Such a graph is called a Latin square graph (see e.g. this article by Bailey and Cameron http://designtheory.org/library/encyc/topics/lsee.pdf). We can interpret an autotopism of a Latin square as an automorphism of the Latin square graph. So let S be the set of Latin square graphs formed from the Latin squares of order n. So the question I'm interested in is:

Given a permutation p, is p an automorphism of one (or more) of the graphs in S?

My feeling is that it is a difficult question to answer in general -- I'm currently writing a 30+ page paper on the matter (with 2 co-authors). Actually most of the time it is easy (most of the time it's "no"), but there are some difficult cases.
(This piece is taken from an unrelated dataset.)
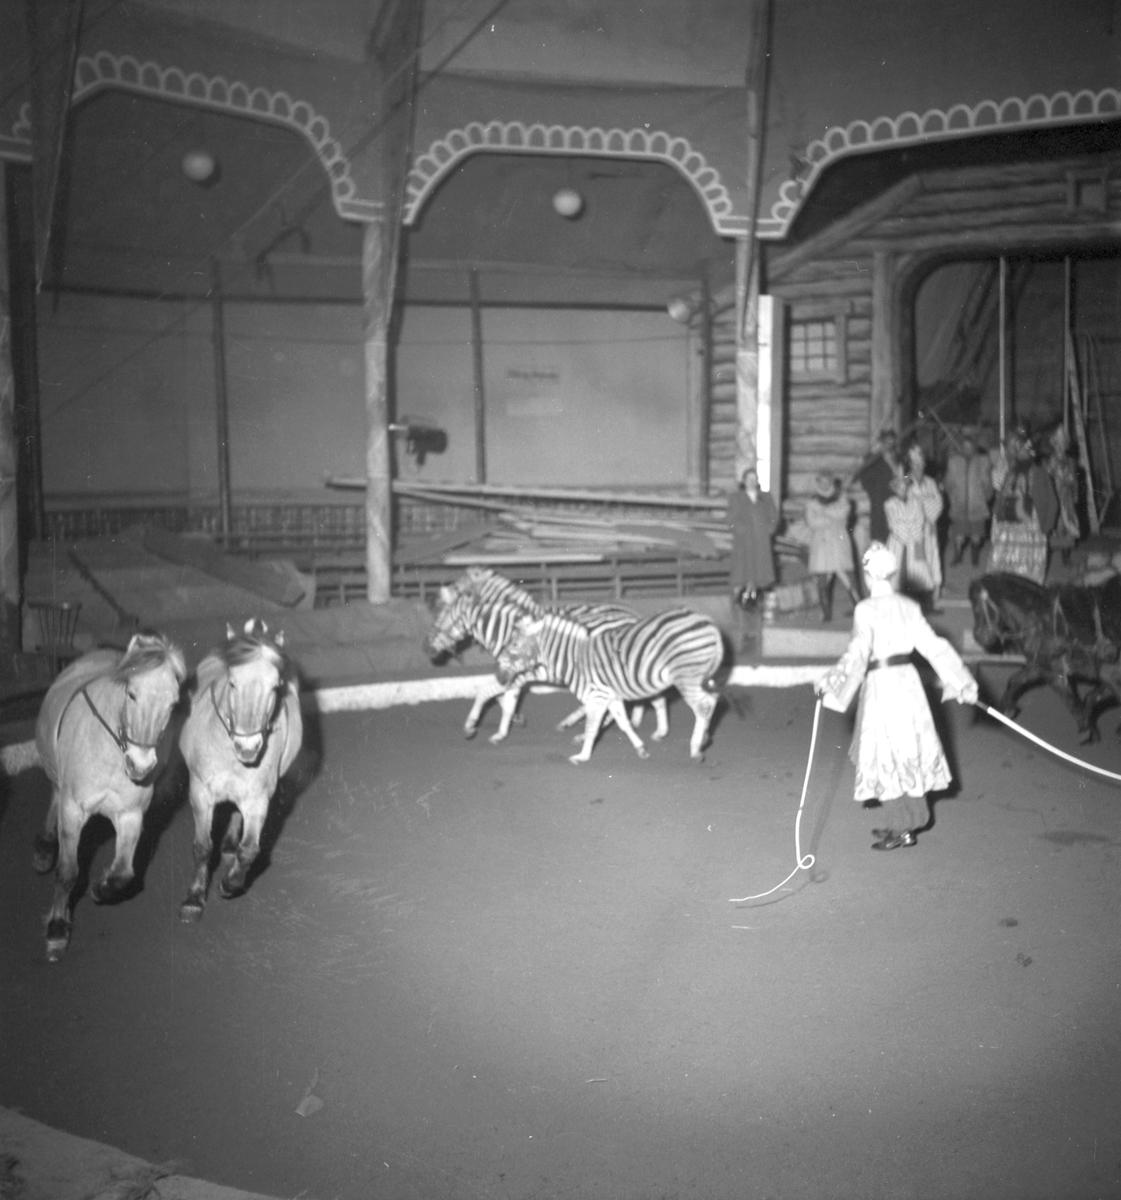 Furuviksparken invigdes pingstdagen 1936.  Cirkusbyggnaden Teater-Cirkus med cirka 600 platser, uppförd 1940.  Även några zebror fanns på plats

So I'm interested in finding decision problems that would be related to "symmetry classification". They don't really need to be related to Latin squares, I'm just hoping to use these techniques to answer the question for Latin squares.

Answer 1

Take any language $L$ (that consists of binary strings). Construct the set $S$ of graphs as follows:

• For each string $x \in L$ with $|x| = n$, we have the graph $G_x = (V_x,E_x)$ in $S$, with the set of nodes $V_x = \{1,2,...,3n\}$ and the following edges: if bit $i$ of $x$ is $0$, then the nodes $3i-2$ and $3i-1$ are adjacent, otherwise $3i-2$ and $3i$ are adjacent. There are no other edges.

Now let $p$ be a permutation of $\{1,2,...,3n\}$. Assume that $p$ is an automorphism of some graph in $S$. That is, $p$ is an automorphism of $G_y$ for some $y \in L$. Let $i \in \{1,2,...,n\}$. Let us consider the following two cases:

• $p(3i-2) = 3i-1$, $p(3i-1) = 3i-2$, $p(3i) = 3i$. Then we must have bit $i$ of $y$ equal to $0$.
• $p(3i-2) = 3i$, $p(3i-1) = 3i-1$, $p(3i) = 3i-2$. Then we must have bit $i$ of $y$ equal to $1$.

Hence if we can solve the question "is a given $p$ automorphism of some $G \in S$", we can also solve the question "is a given string $y$ in $L$". Moreover, if we can do the former in, say, polynomial time in $|p|$, we can do the latter in polynomial time in $|y|$ as well.

Now you can just let $L$ be your favourite NP-hard problem. Or the halting problem...